------ Given entries
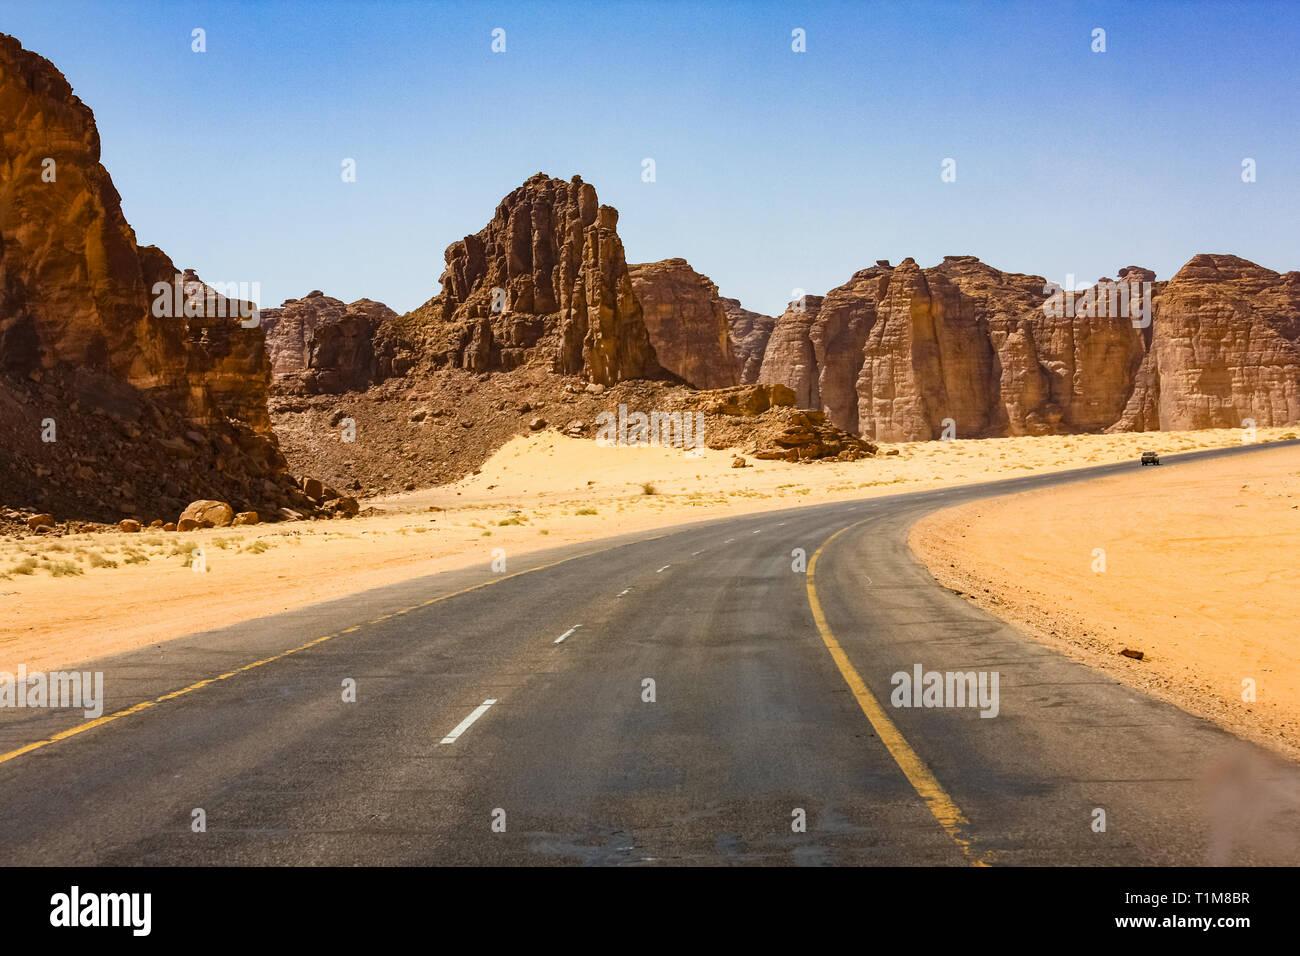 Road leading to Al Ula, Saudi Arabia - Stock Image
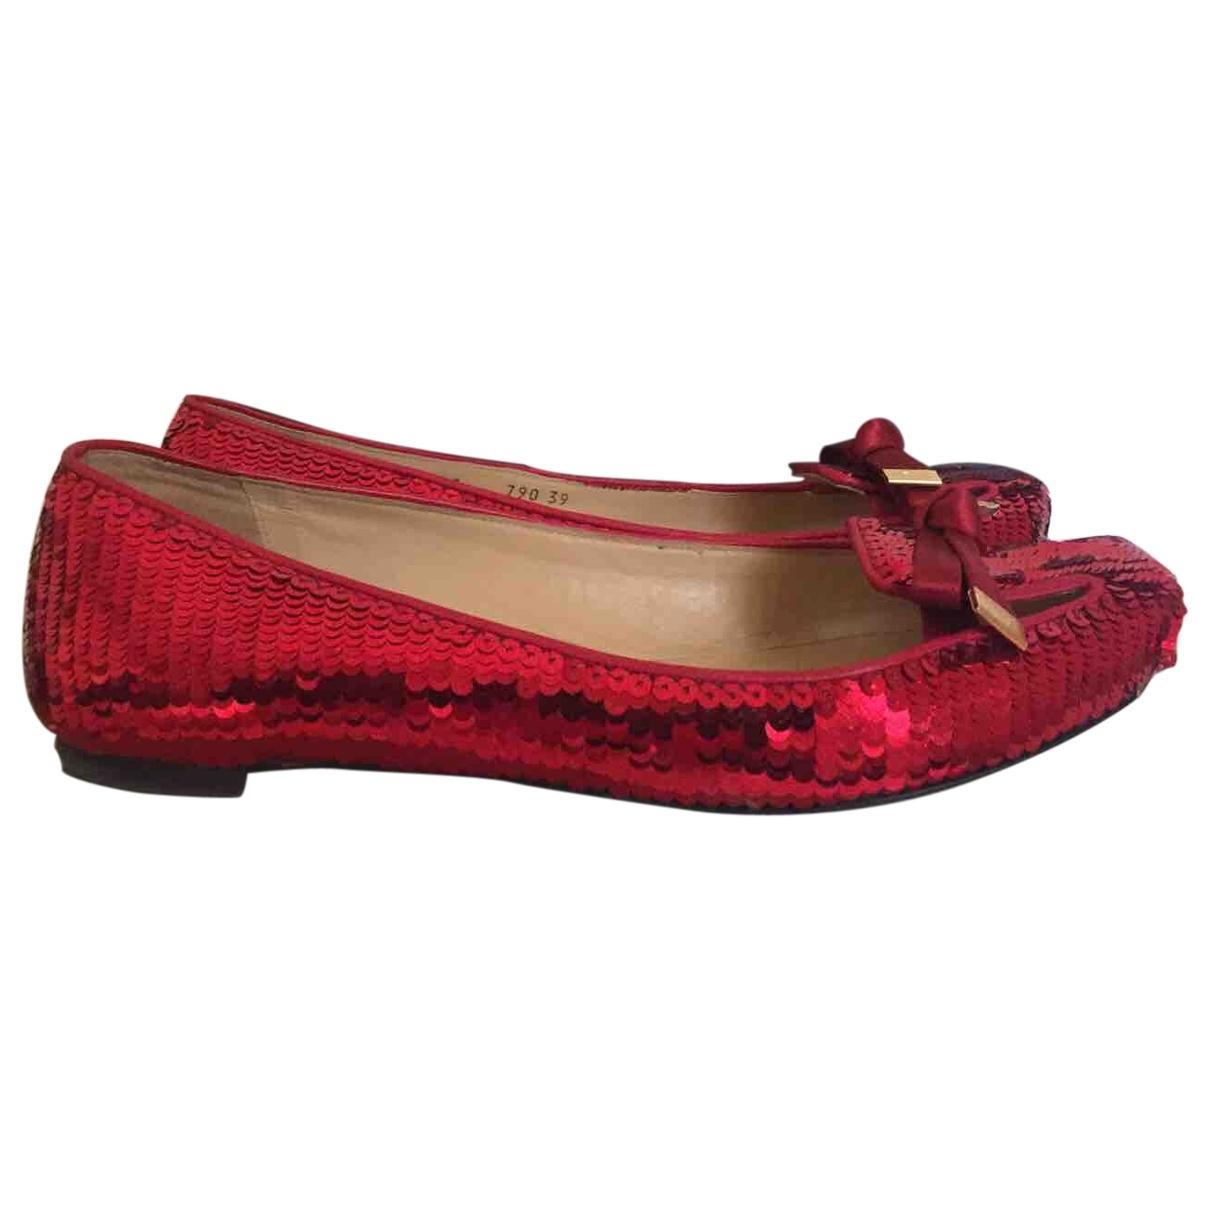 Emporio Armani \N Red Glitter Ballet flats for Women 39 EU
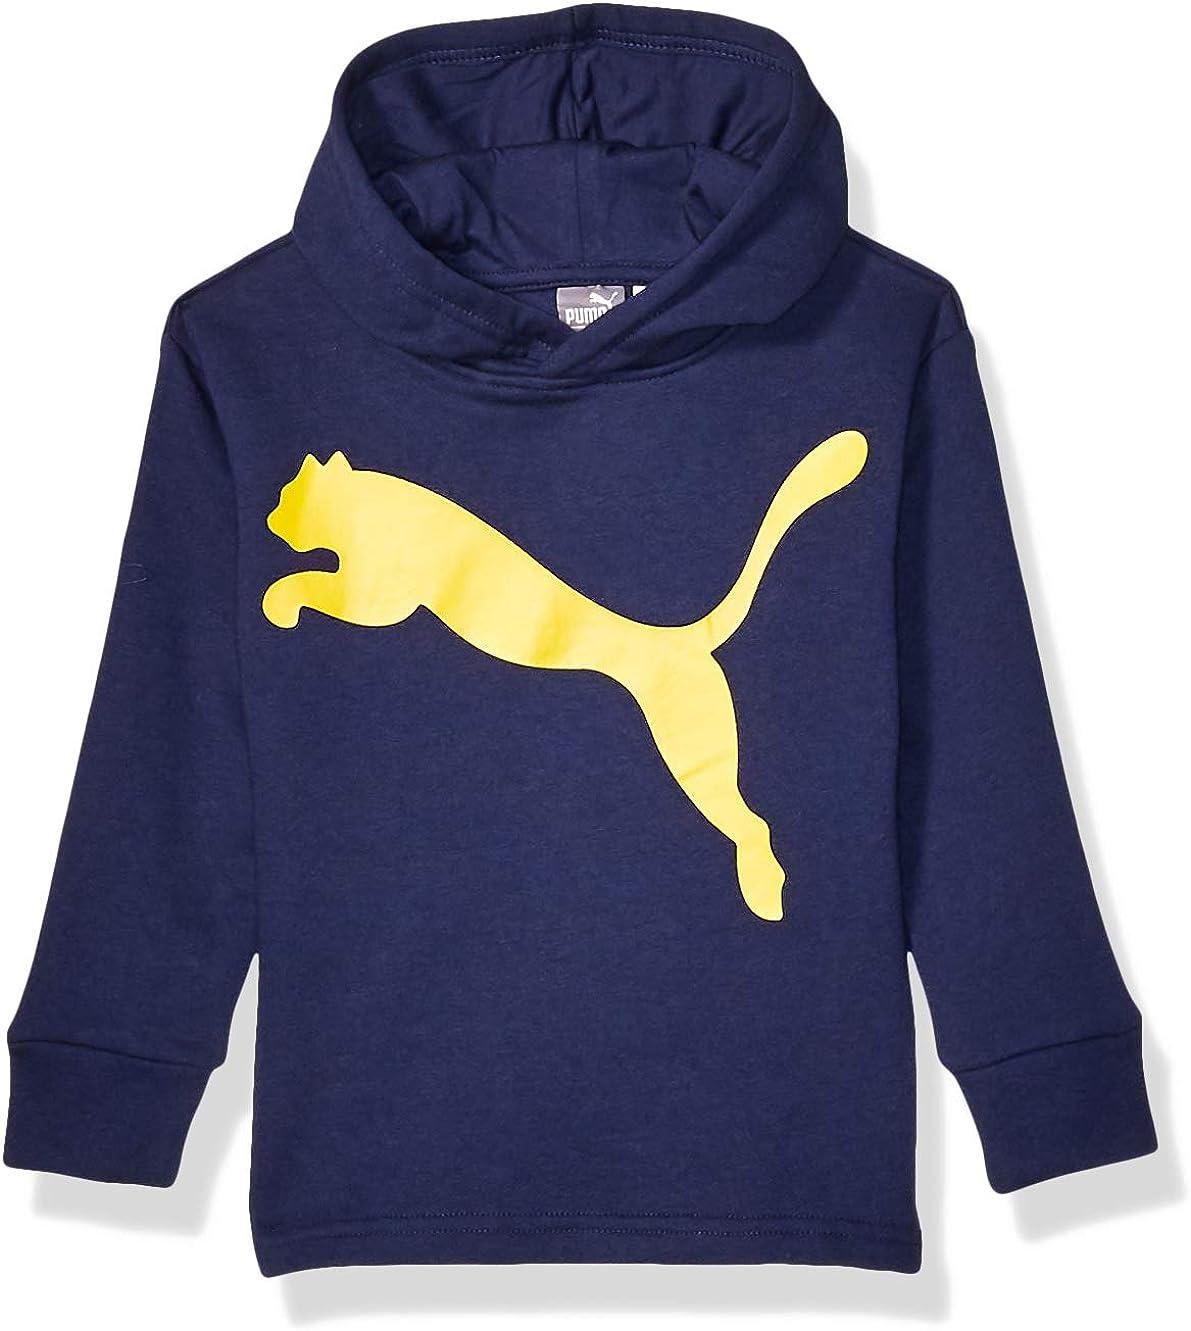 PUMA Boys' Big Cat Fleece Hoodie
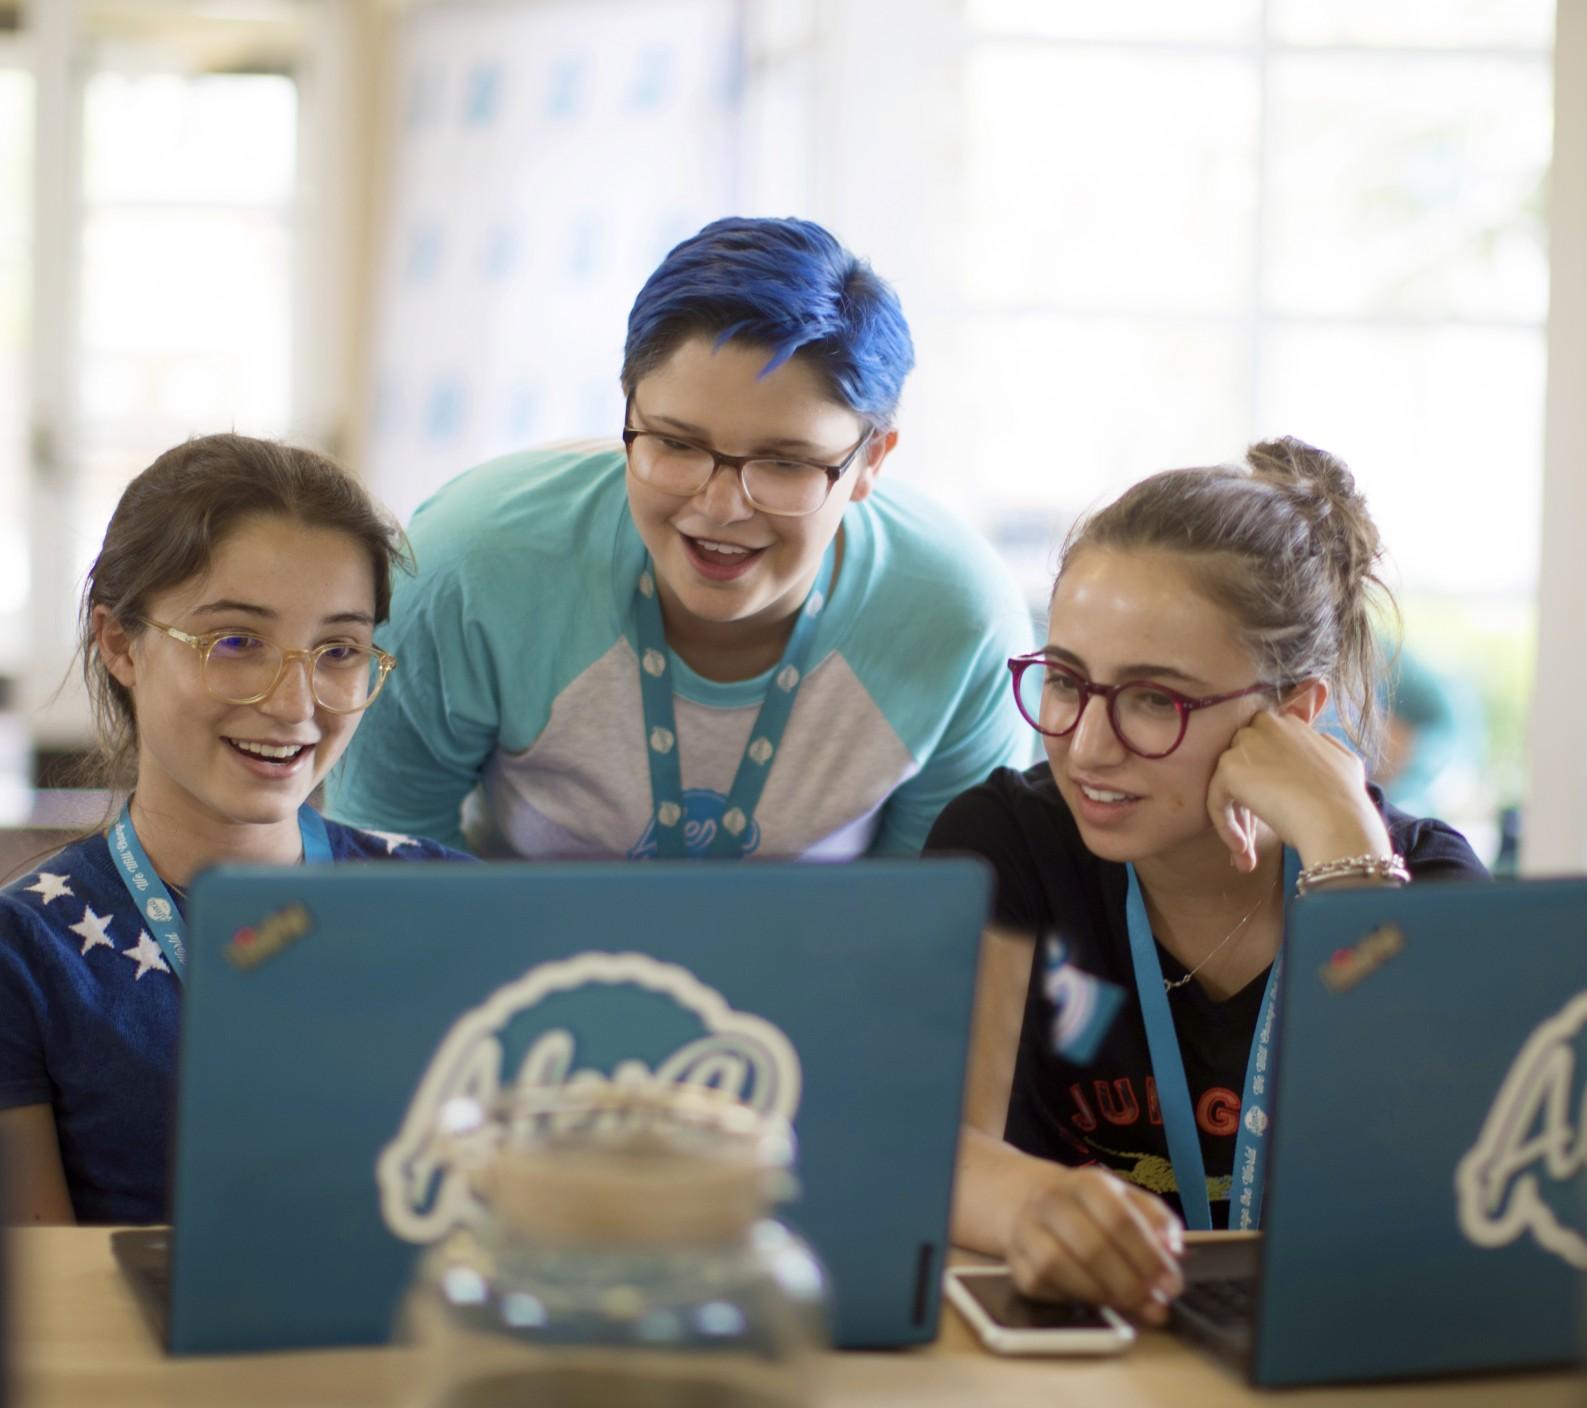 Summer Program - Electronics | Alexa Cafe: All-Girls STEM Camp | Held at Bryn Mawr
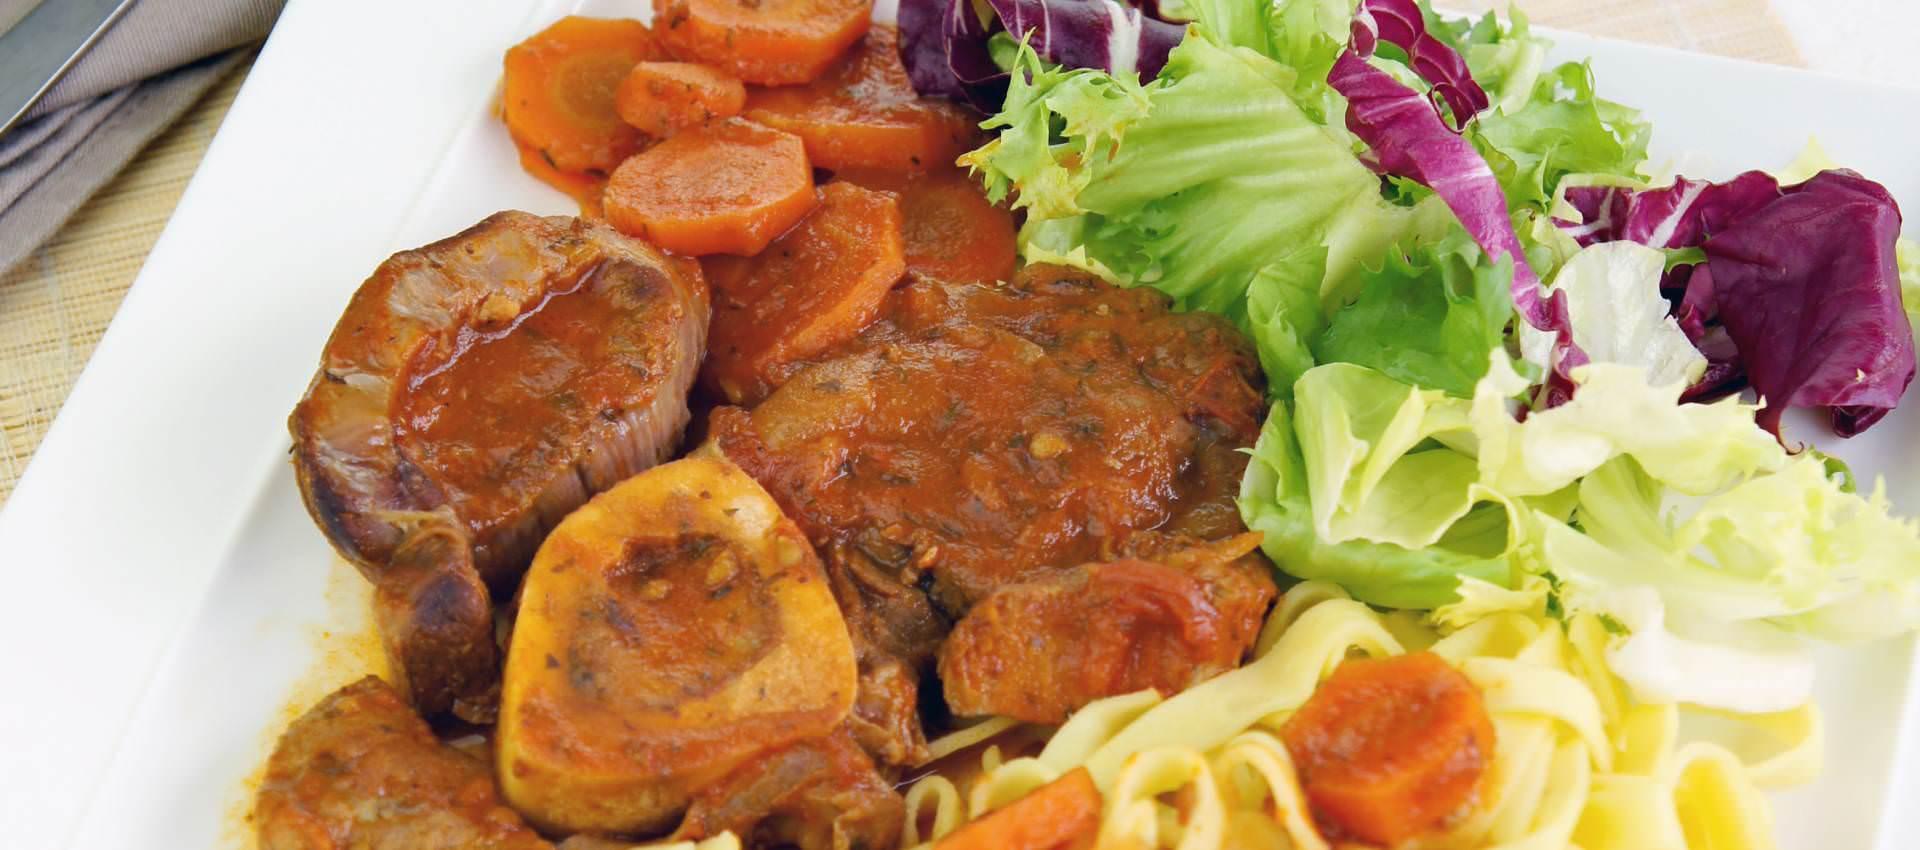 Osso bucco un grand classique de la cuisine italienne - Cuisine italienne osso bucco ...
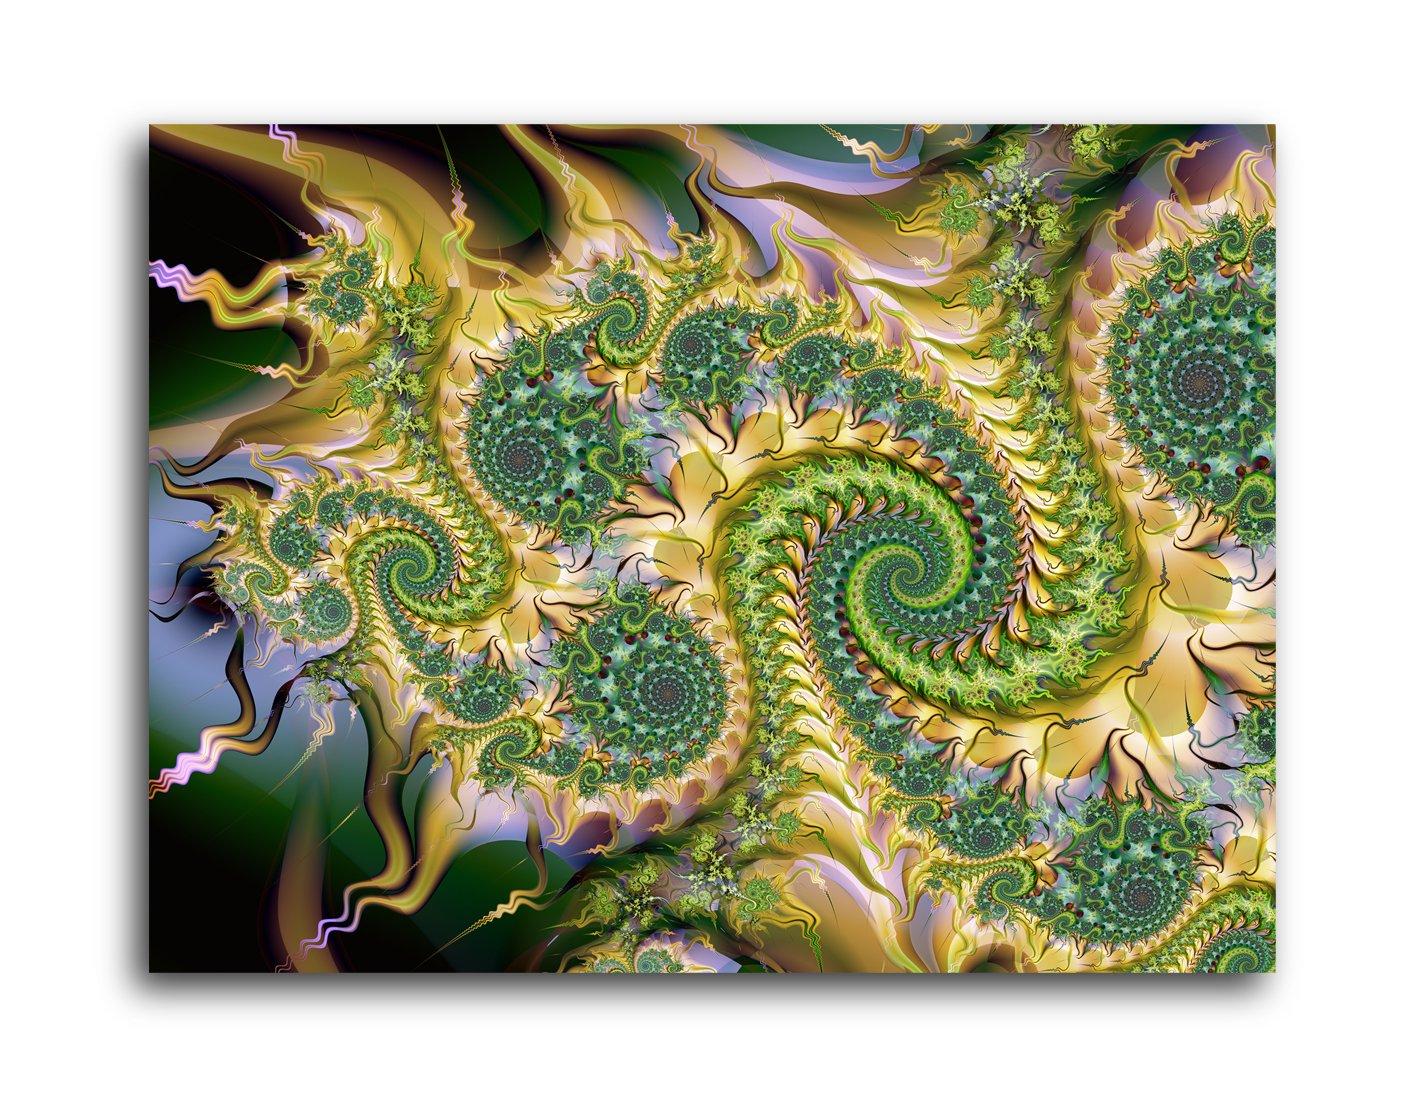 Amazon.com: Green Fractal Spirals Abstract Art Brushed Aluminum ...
------------
* **Work instruction**:
Each entry, start to finish, goes into your copy exactly; the pictures stay out.

* **Answer for this exercise**:
 Road leading to Al Ula, Saudi Arabia - Stock Image
 Emporio Armani \N Red Glitter Ballet flats for Women 39 EU
 PUMA Boys' Big Cat Fleece Hoodie
 Summer Program - Electronics | Alexa Cafe: All-Girls STEM Camp | Held at Bryn Mawr
 Osso bucco un grand classique de la cuisine italienne - Cuisine italienne osso bucco ...
 Amazon.com: Green Fractal Spirals Abstract Art Brushed Aluminum ...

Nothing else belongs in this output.